• _About this task_
State only the count of lines in the listing below that hold "from".

• _Data supplied_
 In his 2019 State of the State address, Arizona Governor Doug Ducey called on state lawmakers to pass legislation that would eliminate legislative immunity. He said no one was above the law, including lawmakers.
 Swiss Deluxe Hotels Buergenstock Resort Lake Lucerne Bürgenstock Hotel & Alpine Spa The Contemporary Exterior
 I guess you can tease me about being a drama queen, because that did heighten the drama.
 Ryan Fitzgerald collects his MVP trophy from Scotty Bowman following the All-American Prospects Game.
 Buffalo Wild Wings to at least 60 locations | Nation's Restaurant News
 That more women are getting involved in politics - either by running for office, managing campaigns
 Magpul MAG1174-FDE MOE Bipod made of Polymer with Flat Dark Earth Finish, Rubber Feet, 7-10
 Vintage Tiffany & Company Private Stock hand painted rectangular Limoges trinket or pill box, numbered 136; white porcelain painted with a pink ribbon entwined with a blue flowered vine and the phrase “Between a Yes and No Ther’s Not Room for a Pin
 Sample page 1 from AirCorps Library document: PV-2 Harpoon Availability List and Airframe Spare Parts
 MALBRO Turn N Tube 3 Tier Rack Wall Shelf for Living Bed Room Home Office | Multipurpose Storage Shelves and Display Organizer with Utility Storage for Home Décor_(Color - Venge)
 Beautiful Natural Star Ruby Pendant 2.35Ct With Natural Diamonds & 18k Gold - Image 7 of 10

• _Task answer_
2